Solving Linear Equations Using Matrices

Consider the linear system of equations

$$\begin{eqnarray*} a x_1 + b x_2 &=& c \\ d x_1 + e x_2 &=& f \end{eqnarray*}$$

in matrix form:

$$\left[\begin{array}{cc} a & b \\ [2pt] d & e \end{array}\right] \left[\begin{array}{c} x_1 \\ [2pt] x_2 \end{array}\right] = \left[\begin{array}{c} c \\ [2pt] f \end{array}\right]$$

This can be written in higher level form as

$$\mathbf{A}\underline{x}= \underline{b},$$

where $\mathbf{A}$ denotes the two-by-two matrix above, and $\underline{x}$ and $\underline{b}$ denote the two-by-one vectors.
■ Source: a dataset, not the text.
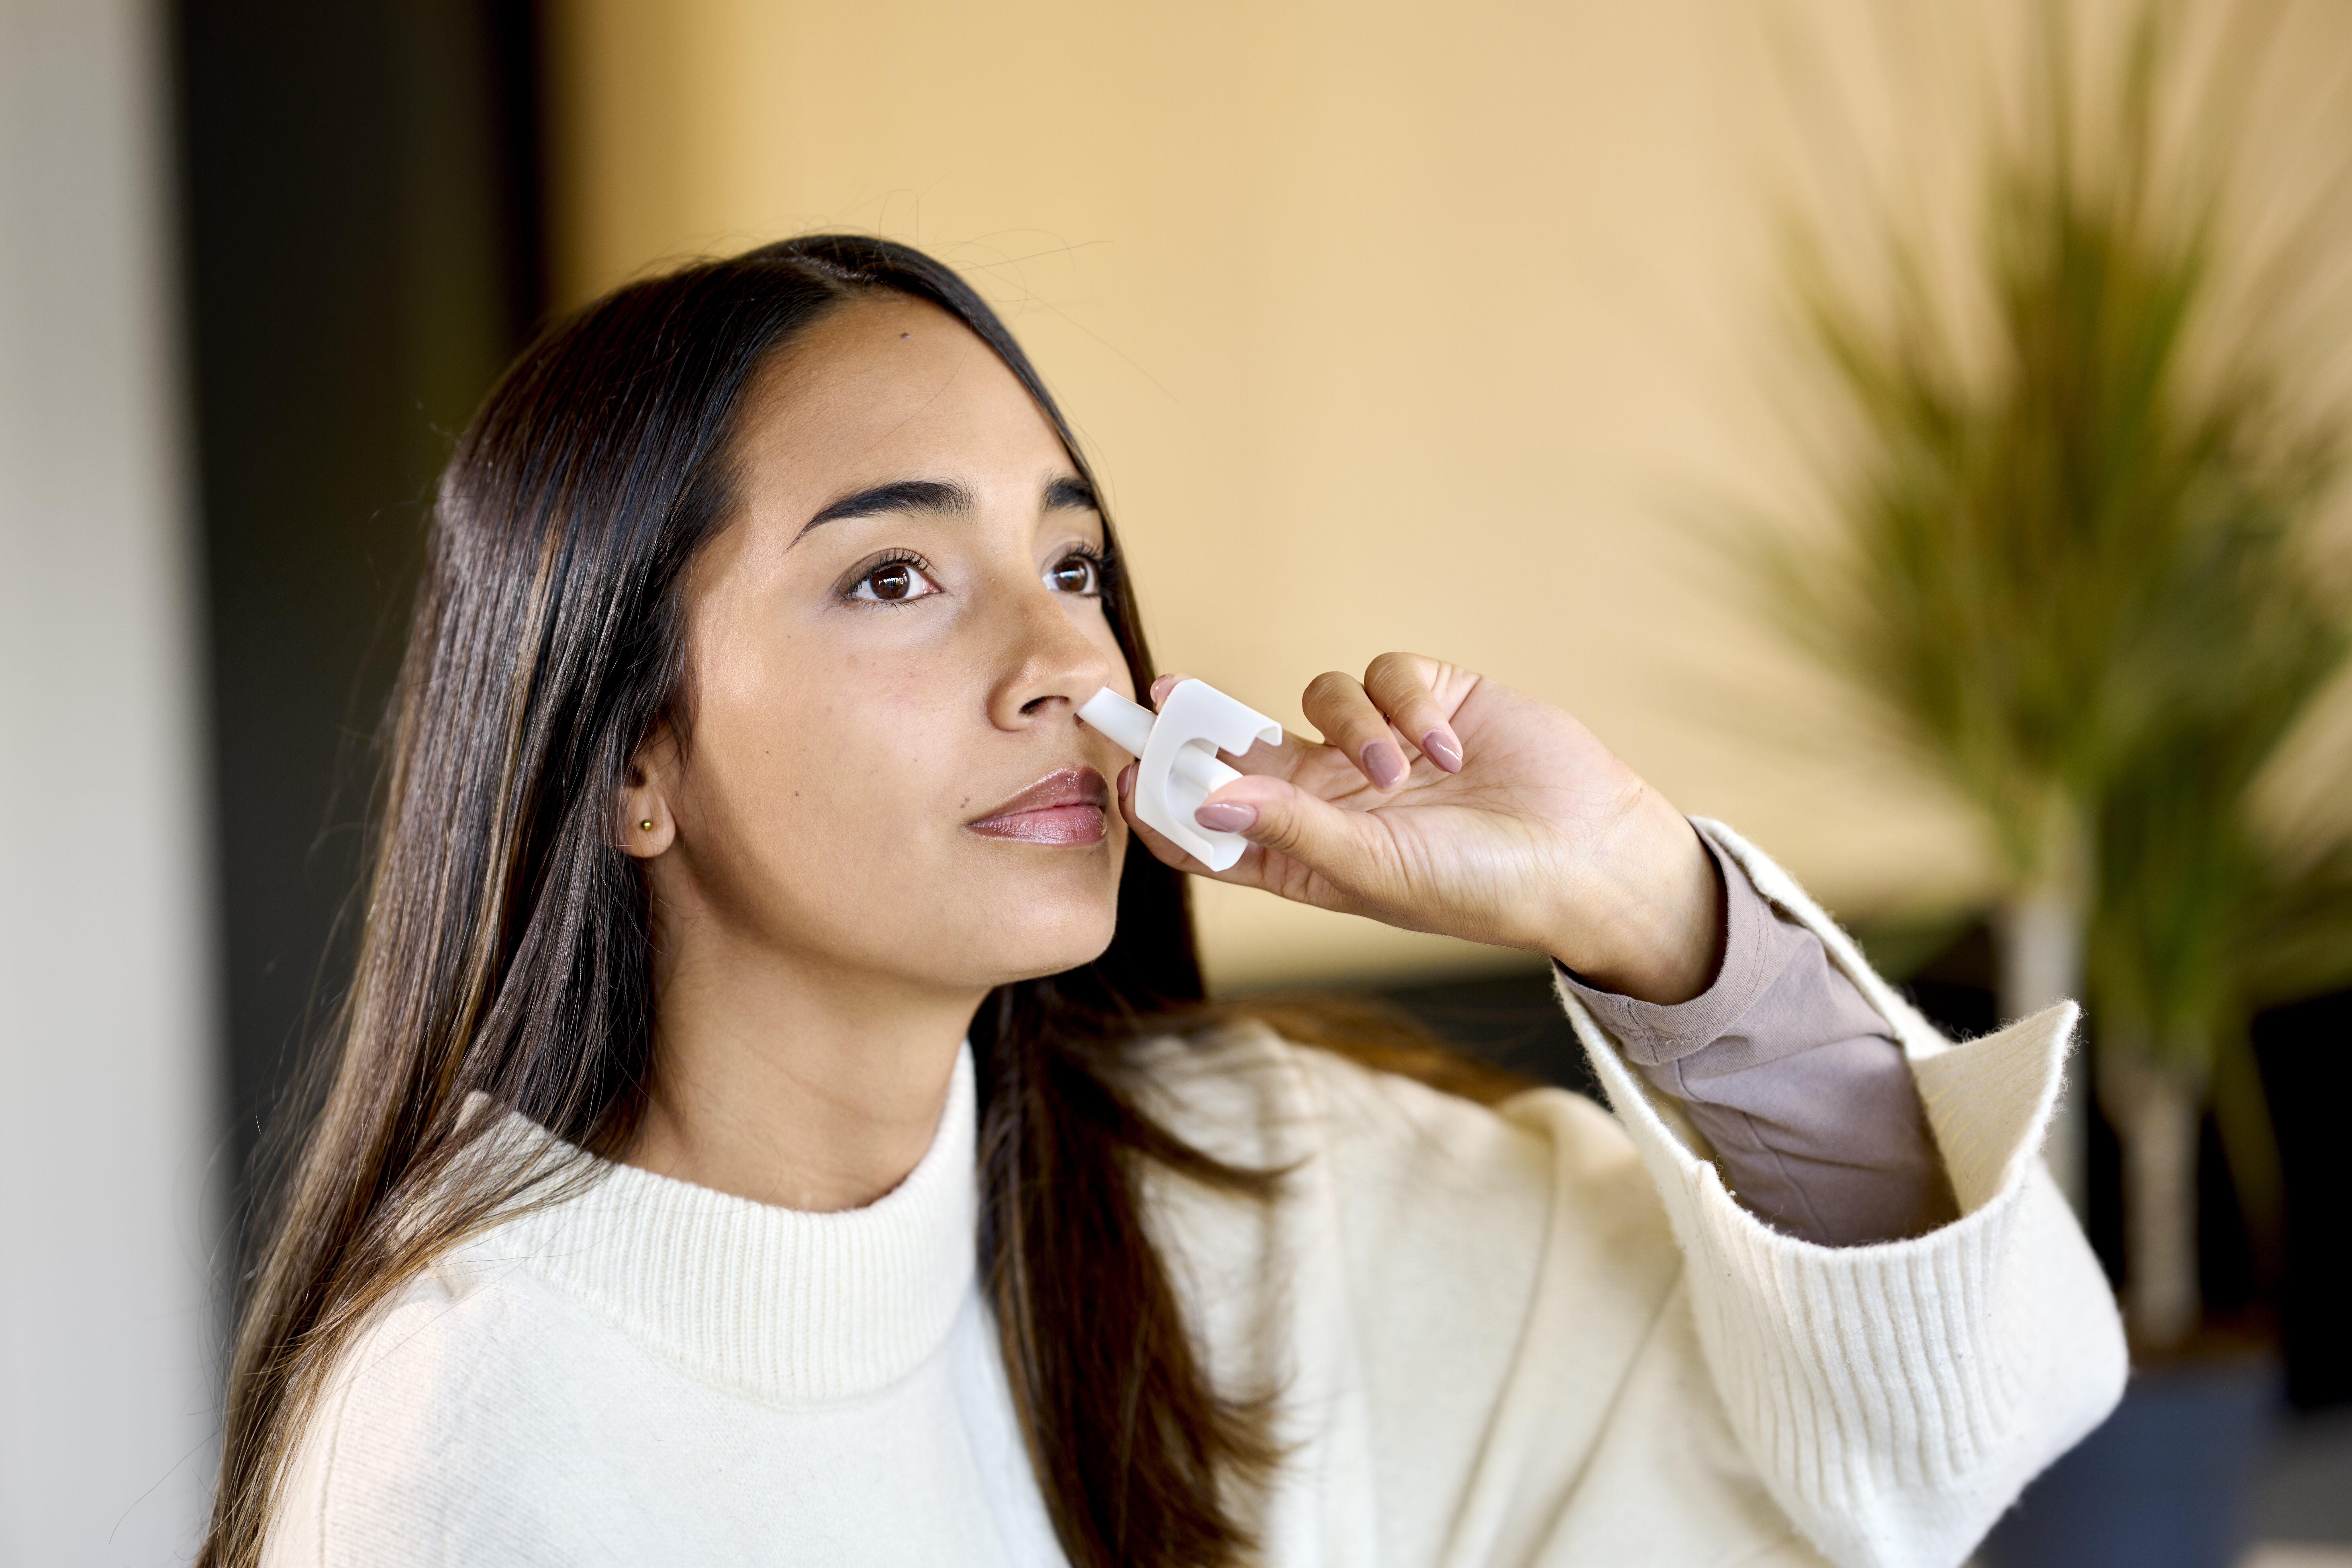 Woman in white jacket administers a single precise dose from an Aptar Unidose liquid nasal spray device zoom view

The solution to this equation is then

$$\underline{x}= \mathbf{A}^{-1}\underline{b}= \left[\begin{array}{cc} a & b \\ [2pt] d & e \end{array}\right]^{-1}\left[\begin{array}{c} c \\ [2pt] f \end{array}\right].$$

The general two-by-two matrix inverse is given by

$$\left[\begin{array}{cc} a & b \\ [2pt] d & e \end{array}\right]^{-1} = \frac{1}{ae-bd}\left[\begin{array}{cc} e & -b \\ [2pt] -d & a \end{array}\right]$$

and the inverse exists whenever $ae-bd$ (which is called the determinant of the matrix $\mathbf{A}$ ) is nonzero. For larger matrices, numerical algorithms are used to invert matrices, such as used by Matlab based on LINPACK [26]. An initial introduction to matrices and linear algebra can be found in [49].